No picture belongs in the copy. Repeat each line below exactly.

▶ Stored data:
--- START ---
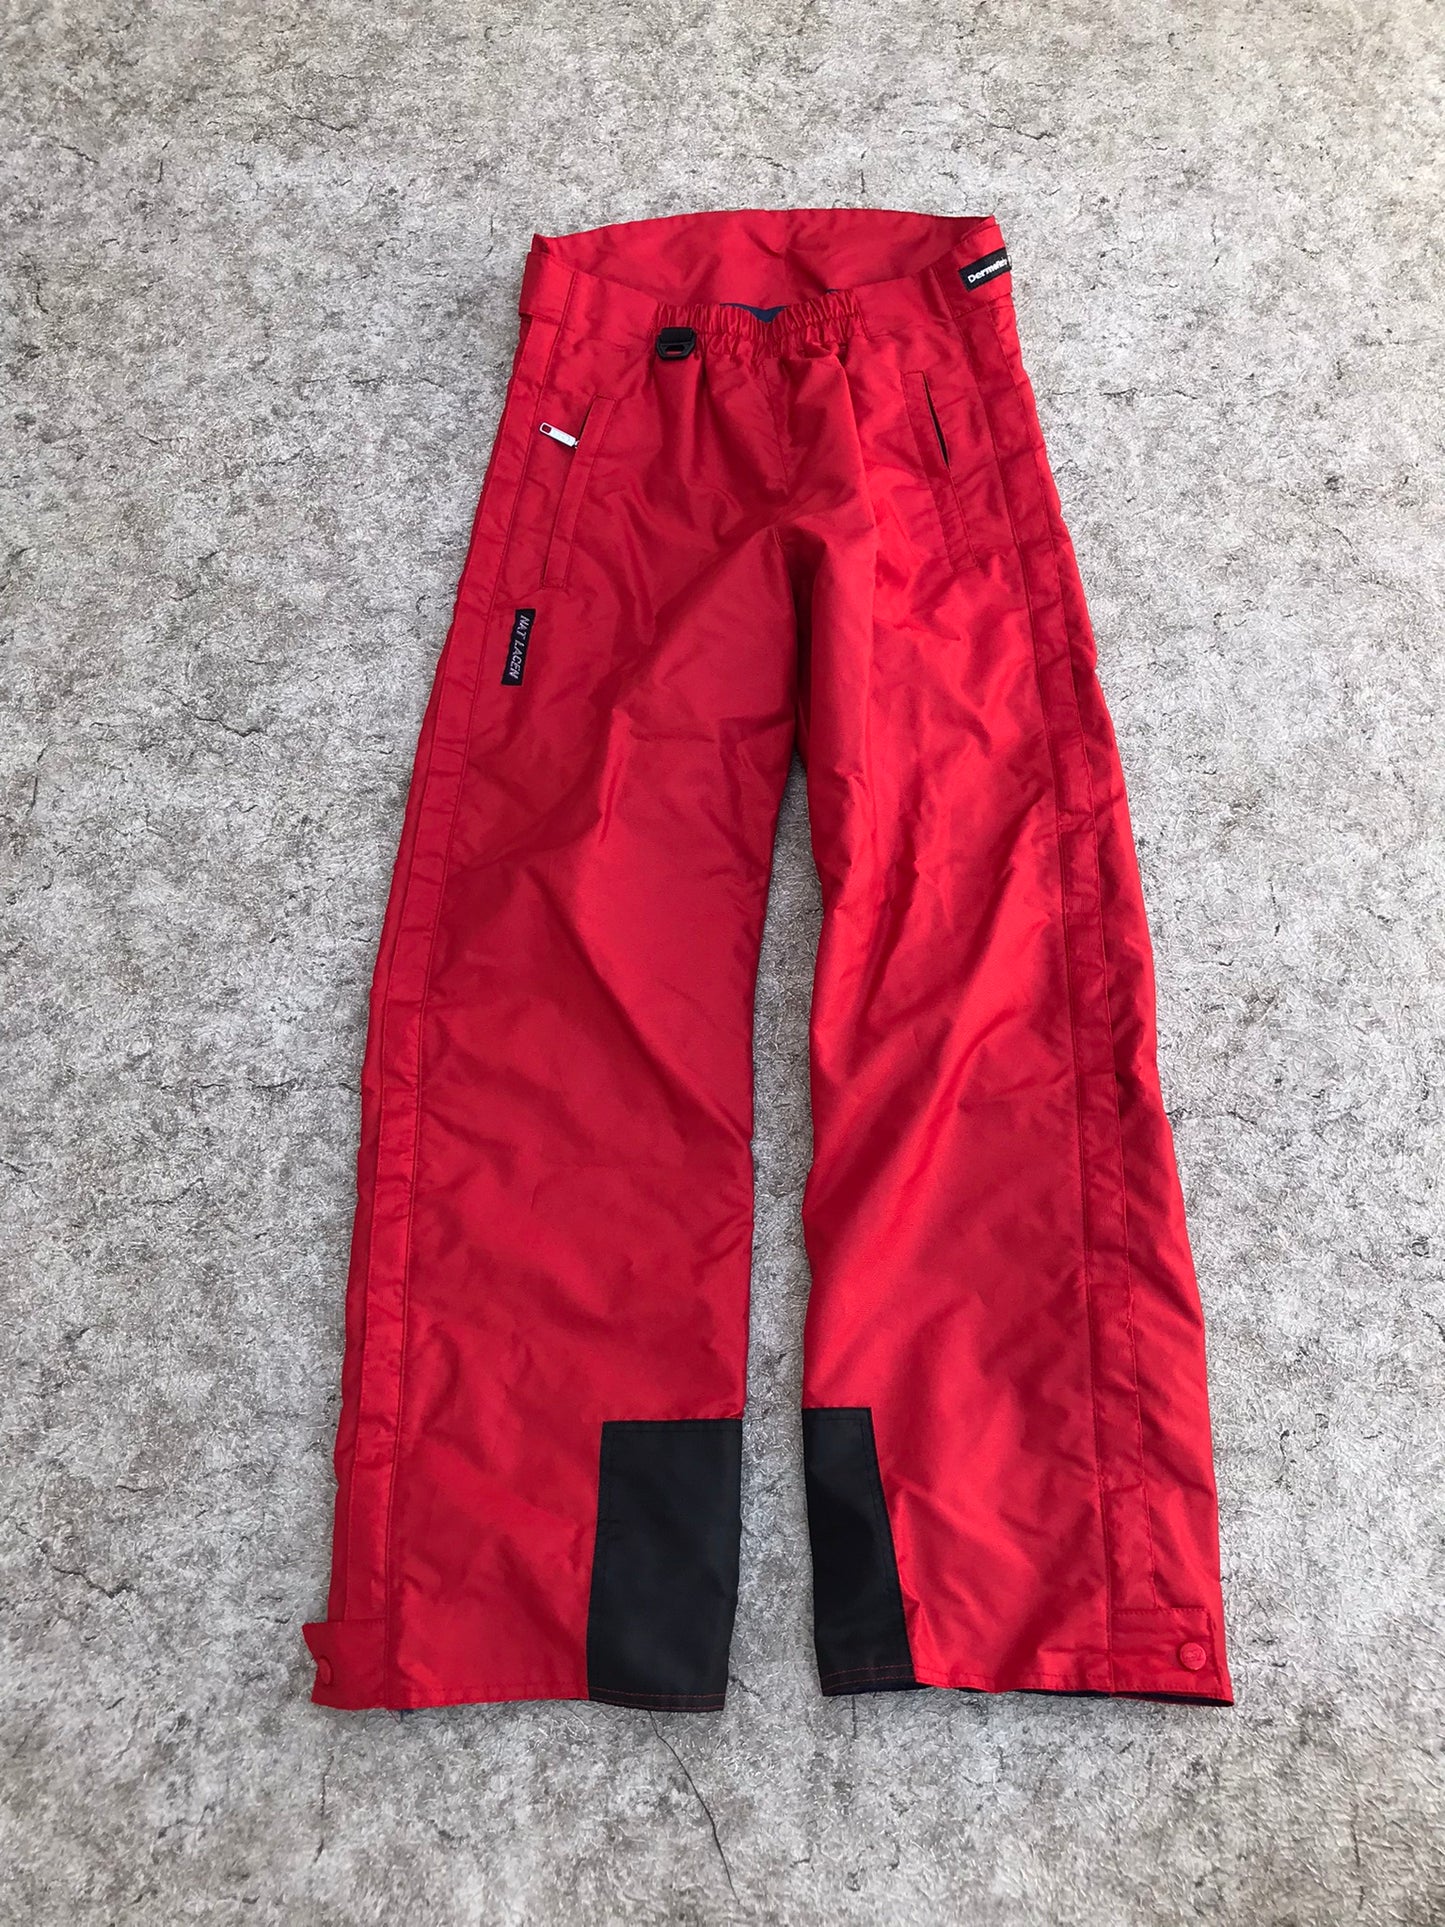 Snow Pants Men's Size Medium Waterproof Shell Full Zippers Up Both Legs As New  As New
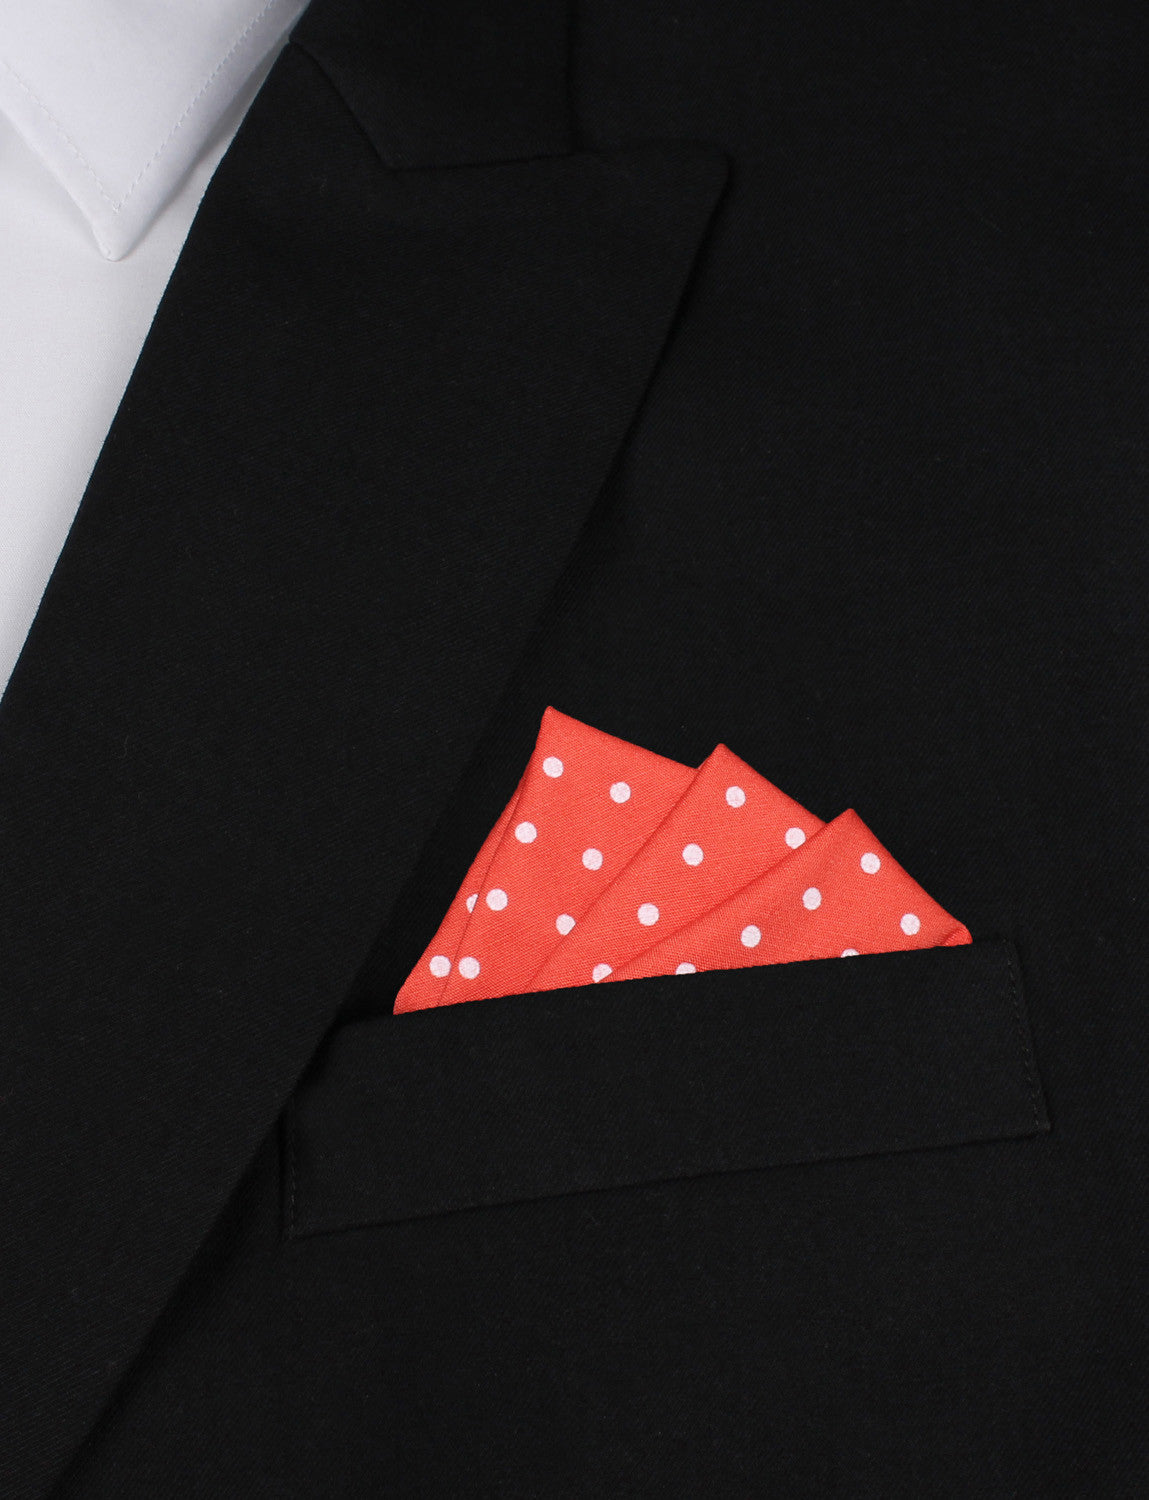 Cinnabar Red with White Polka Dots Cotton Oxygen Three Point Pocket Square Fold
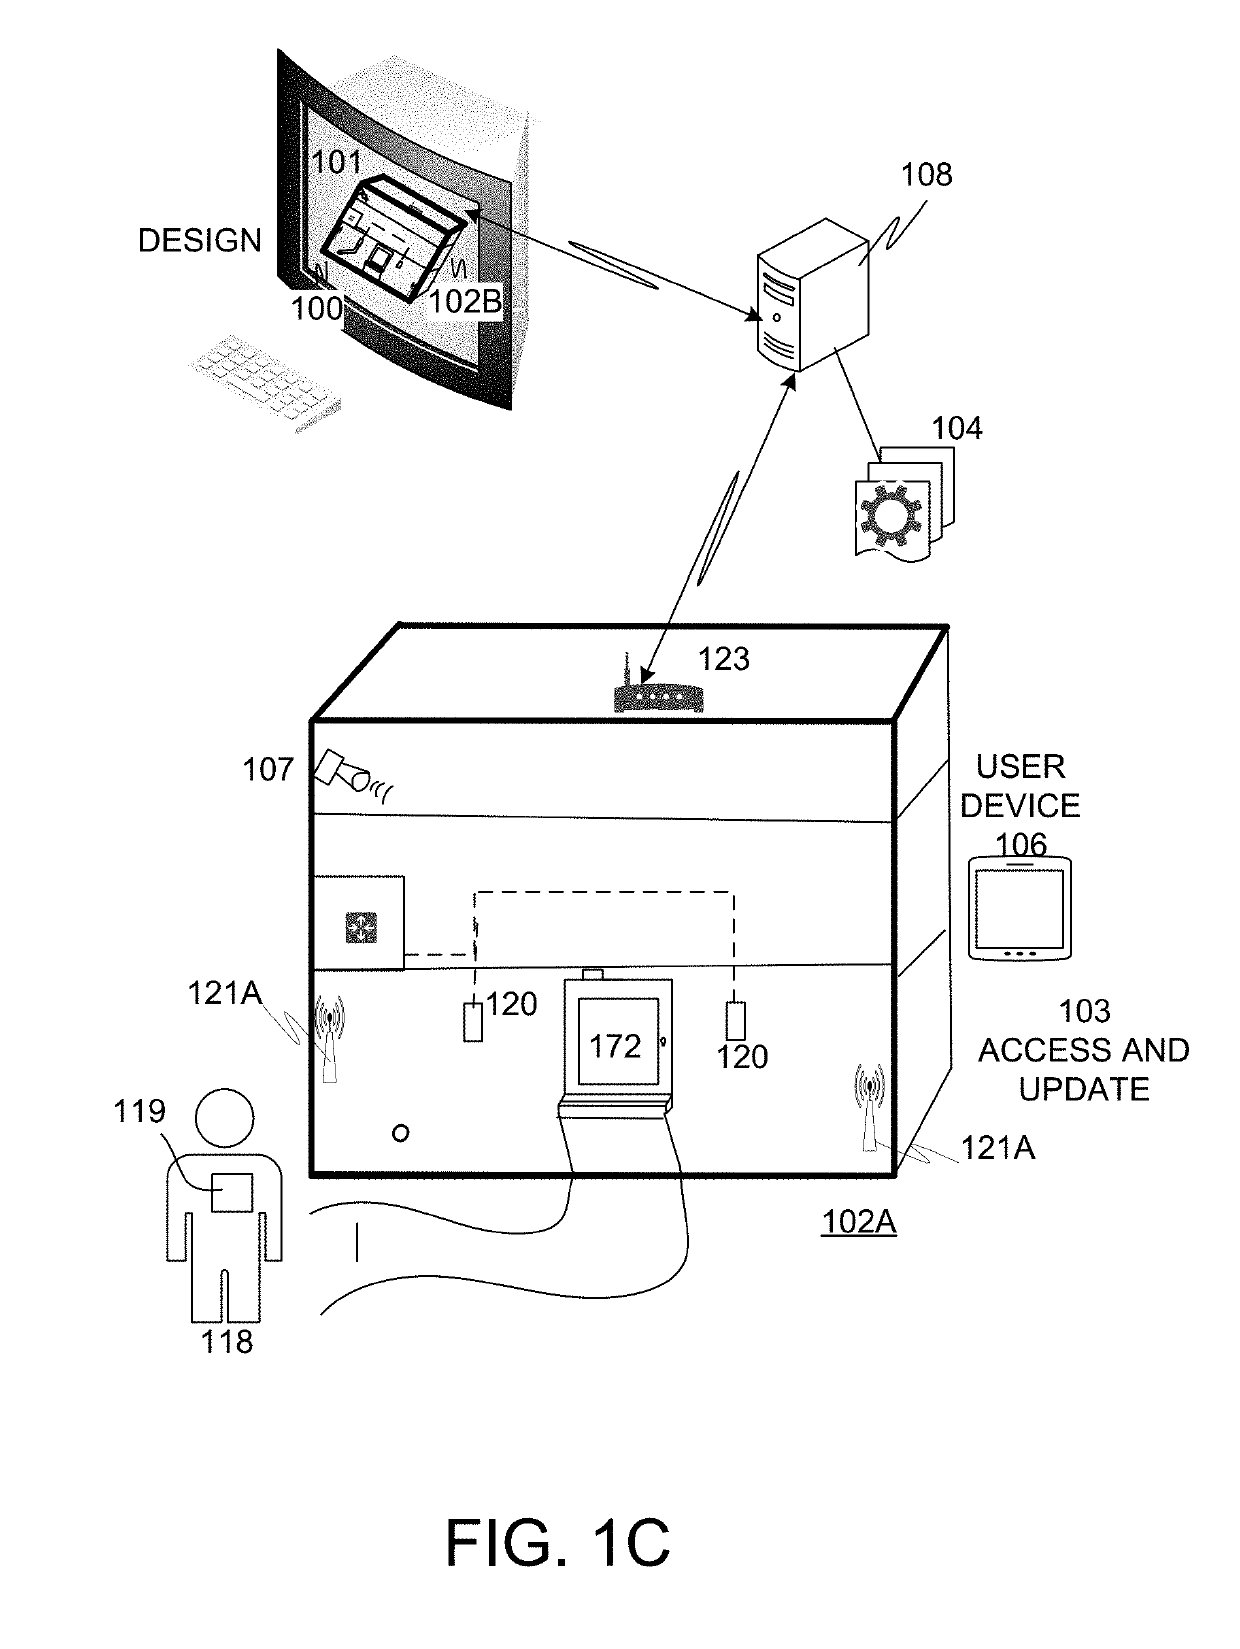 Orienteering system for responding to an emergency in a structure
--- END ---
▶ Solution to this problem:
 Snow Pants Men's Size Medium Waterproof Shell Full Zippers Up Both Legs As New  As New
 Cinnabar Red with White Polka Dots Cotton Oxygen Three Point Pocket Square Fold
 Orienteering system for responding to an emergency in a structure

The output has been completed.